The boom in property prices during the past decade means the Kinneys are rattling around in their largest asset. With its three reception rooms, sun room, parking for four cars and two garages, the 3,000 sq ft house, built in 1953, is too large for the couple; selling would not only allow them to move into something cosier, it would release money to help their daughters onto the housing ladder.
“Of course, the children keep saying, ‘You can’t go, you can’t sell the house,’ ” Martin says. “But there’s no point having the money tied up in something this big when there’s just the two of us. We don’t use some of the rooms now.
Alot of people of our ilk do think about doing it, but not many get on and do it. The main reason for downsizing is to release equity from the principal home and give money to the children, not Gordon Brown.”
It is also about a lifestyle change. Although they are looking to buy a small property in London, the Kinneys are “moving our centre of gravity south”, to the coast. They have sold a smaller holiday home in Lymington, Hampshire, and this summer bought a four-bedroom Edwardian property in Milford-on-Sea, in the same county, for £930,000.

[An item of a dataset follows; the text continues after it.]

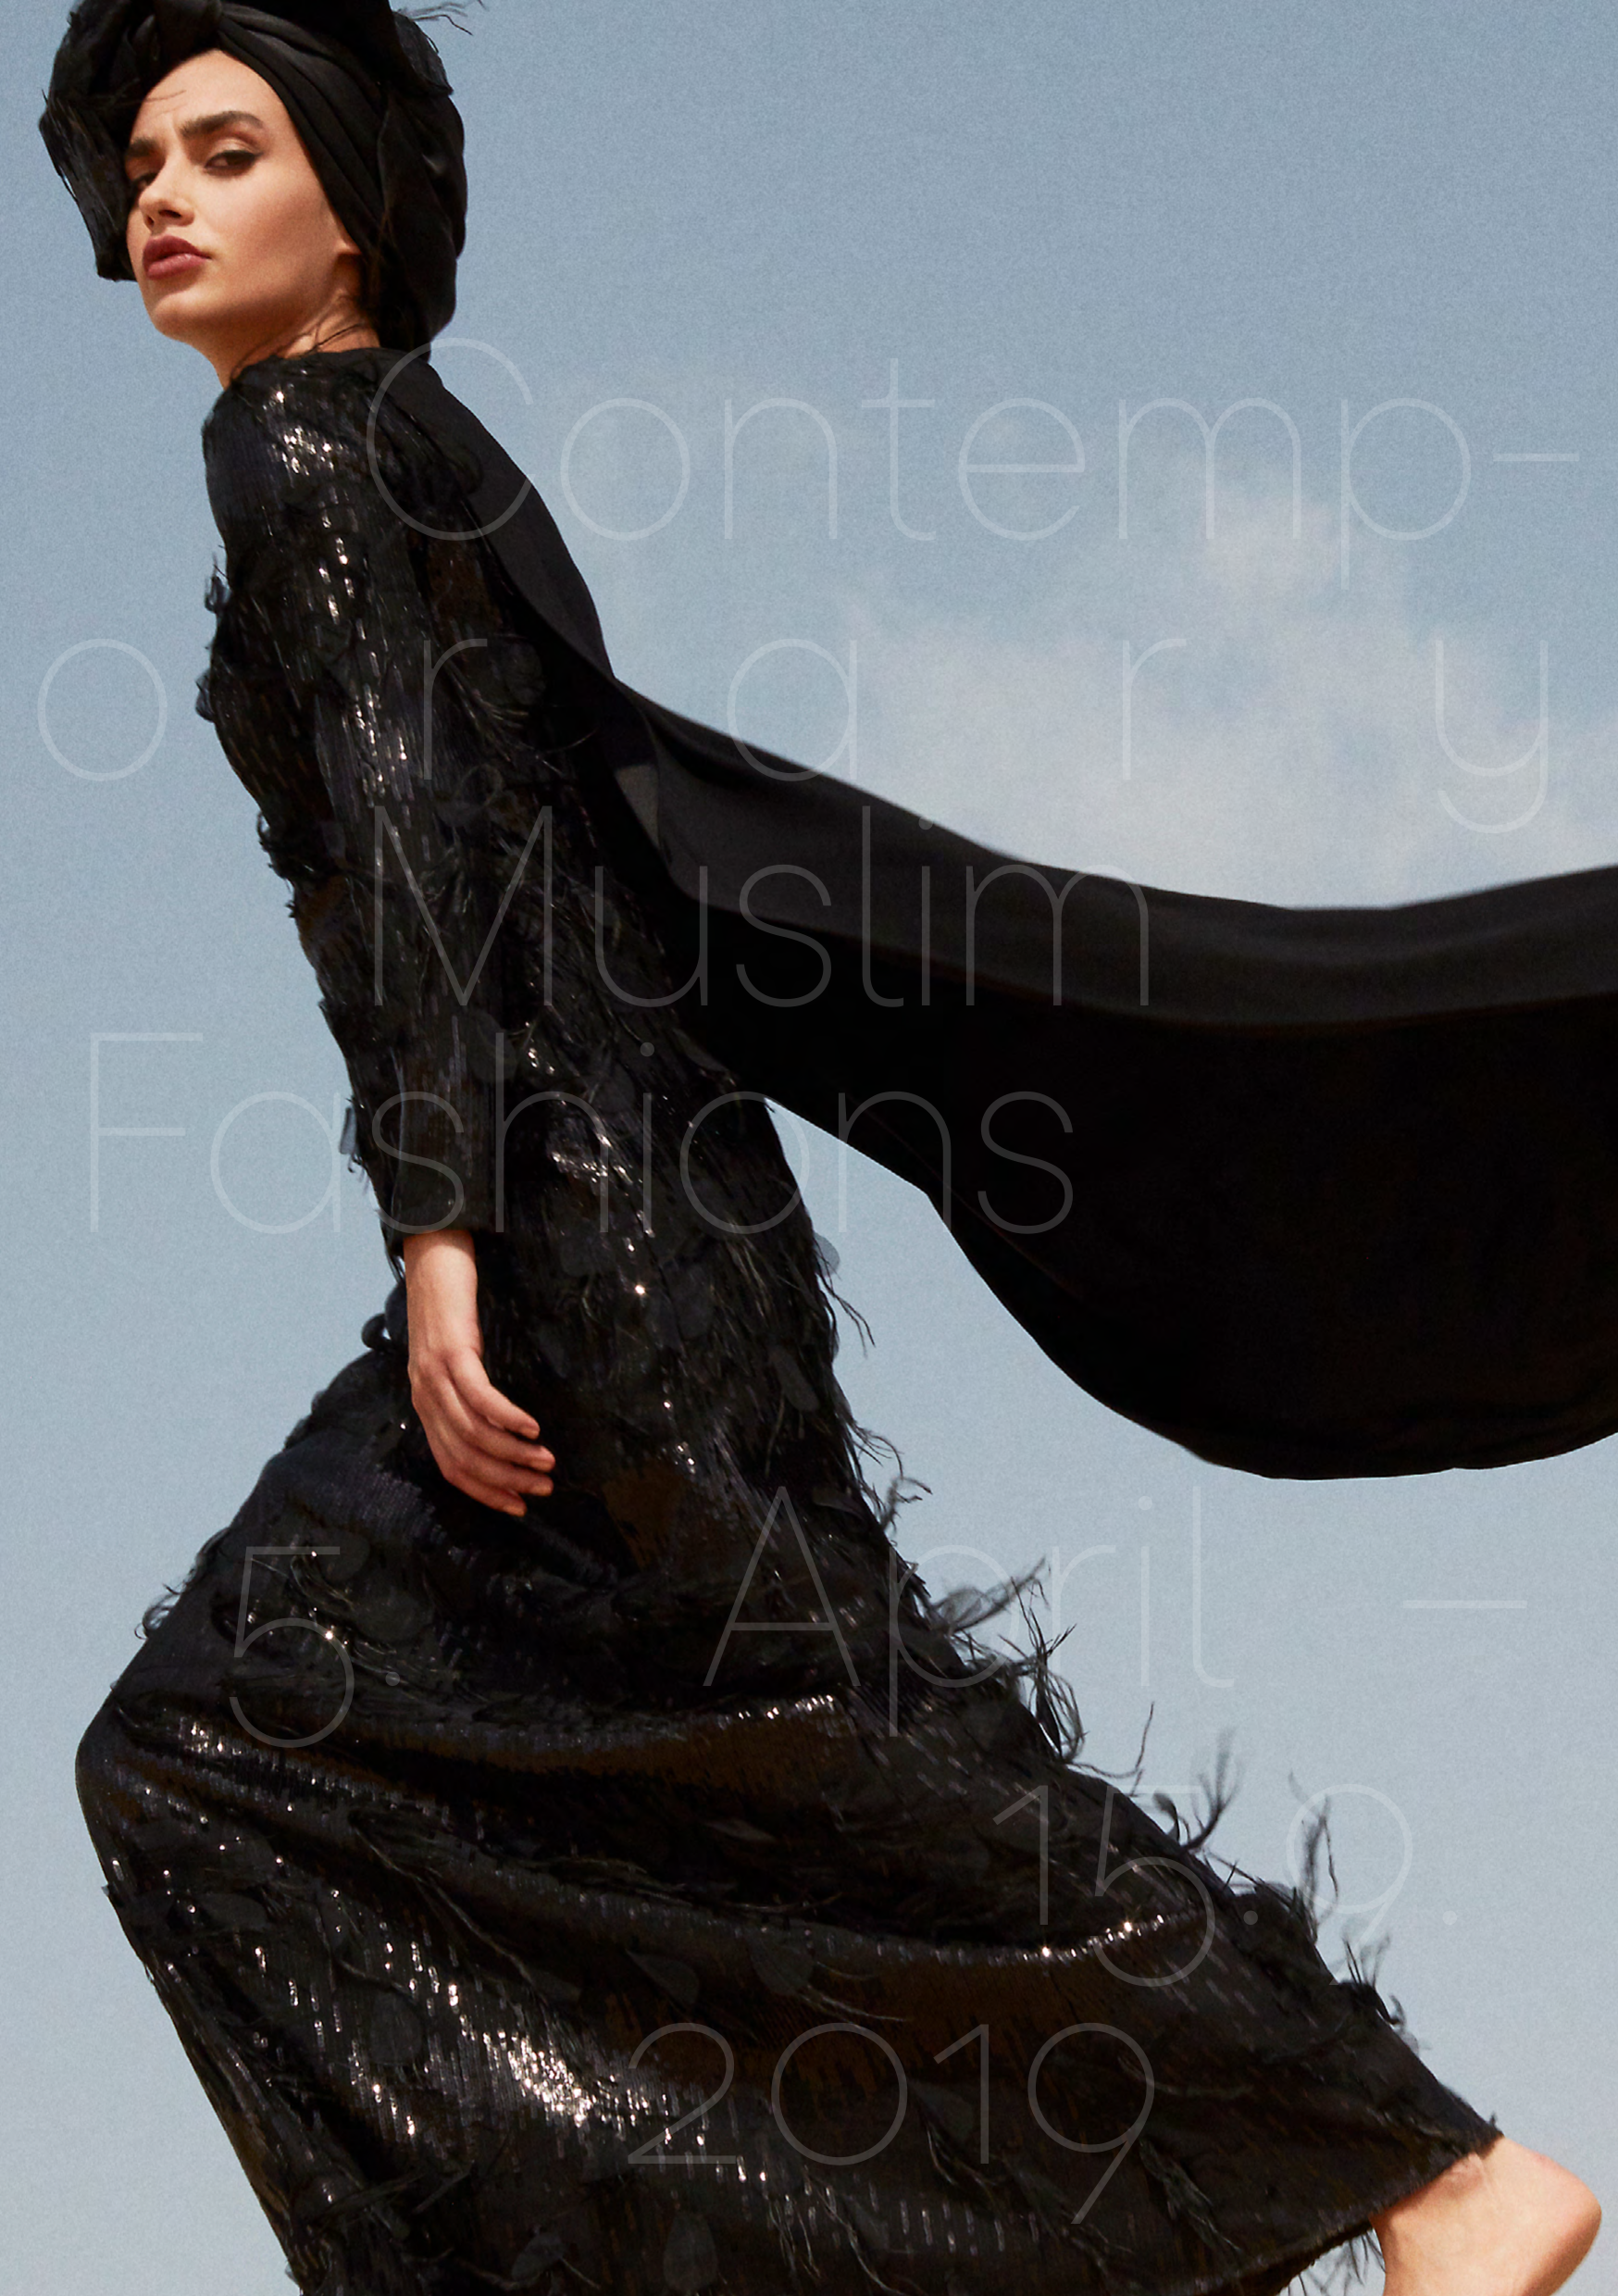 Exhibition at the Museum Angewandte Kunst in Frankfurt, Germany: Contemporary Muslim Fashions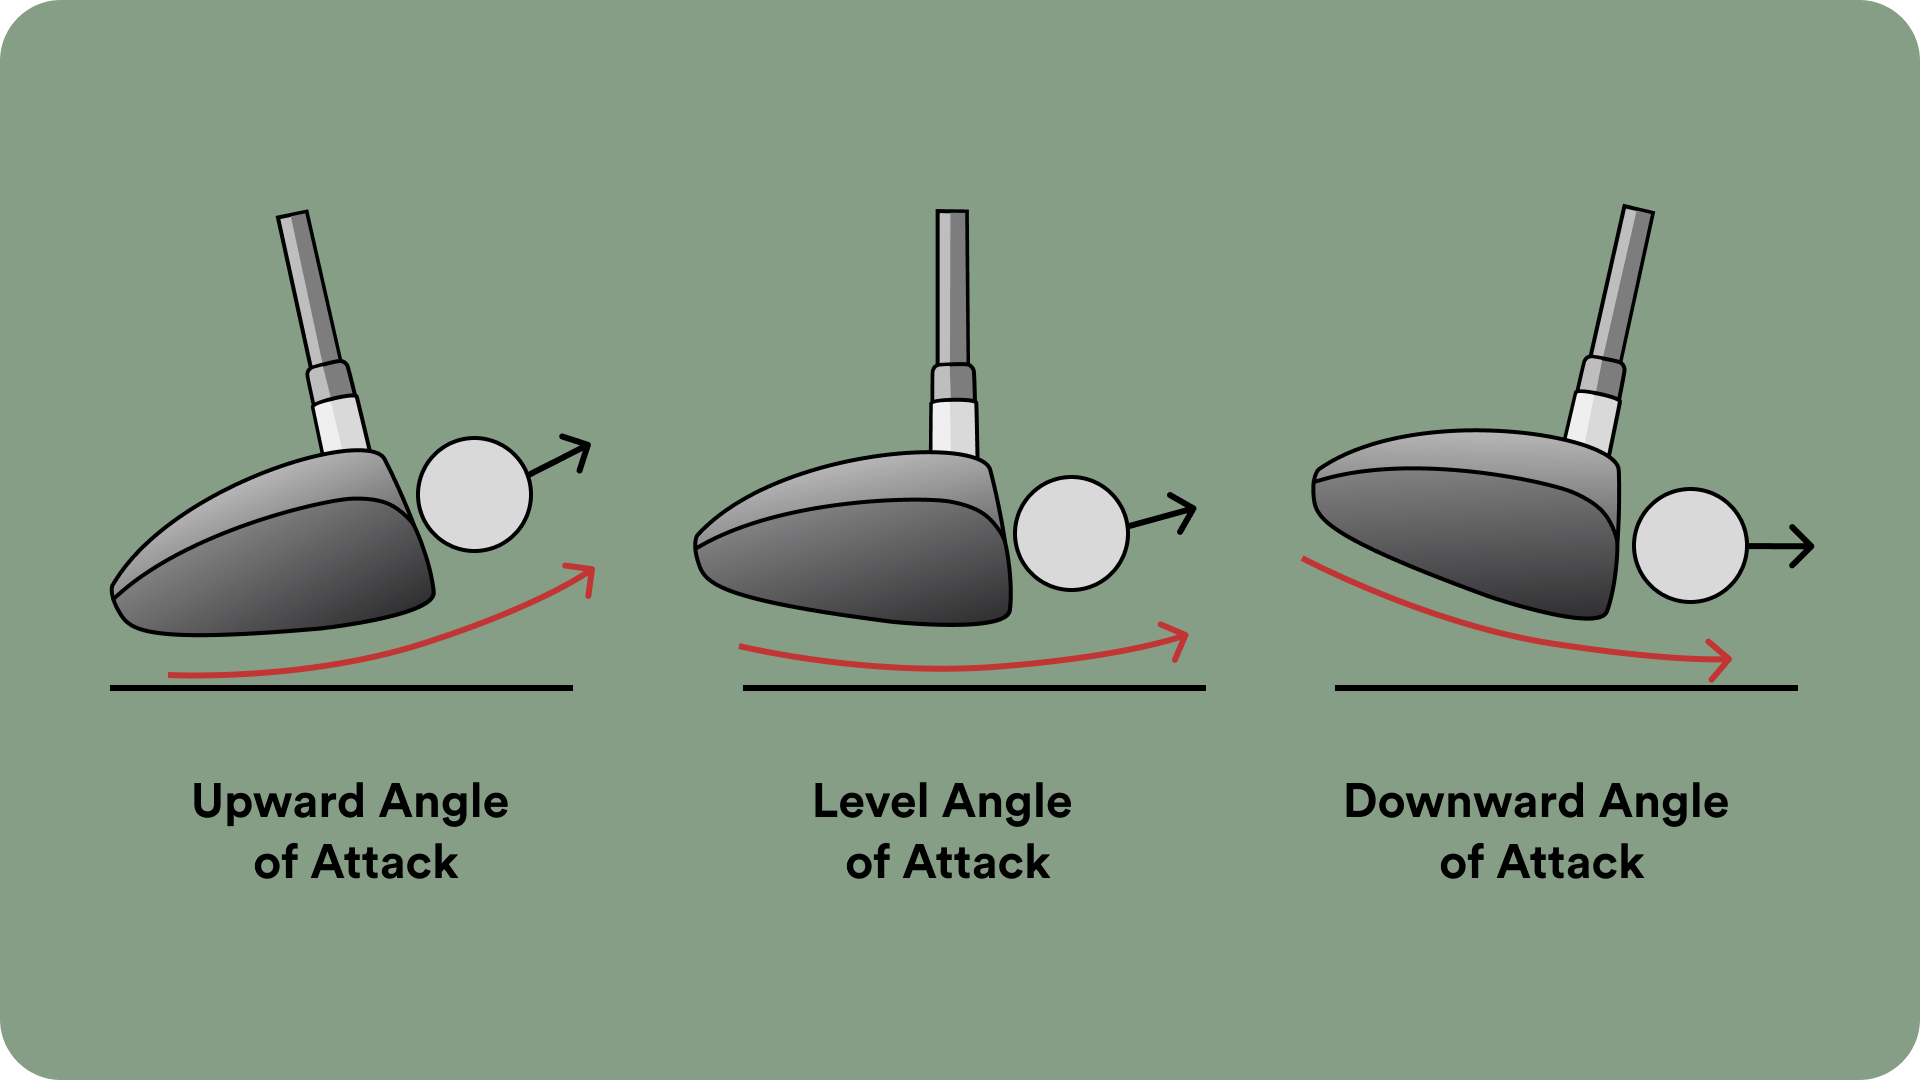 Graphic showing an upward angle of attack, a level angle of attack, and a downward angle of attack. In each image, the driver comes toward the ball at a different angle and there are arrows showing the direction of ball flight

The couple waited until after retiring to make the move. Others trade down once the children have left home, choosing to move into something smaller in an area they know well.
Take Melanie and Francis Jacques, who have a four-bedroom, 2,088 sq ft house in West Byfleet, Surrey. Their daughter, Eleanor, 24, and son, Charles, 21, are both working and sharing a small house of their own nearby, so they feel it is time to swap four bedrooms for three. They are selling for £1.15m and looking for somewhere smaller between Woking and Weybridge.
“I know it doesn’t sound as if we are really downsizing, but we are,” says Melanie, 57, a lawyer. “We moved here 21 years ago, when my daughter was three and my son was on his way. Our current house is too big for us now. We are effectively living inside our pension scheme.”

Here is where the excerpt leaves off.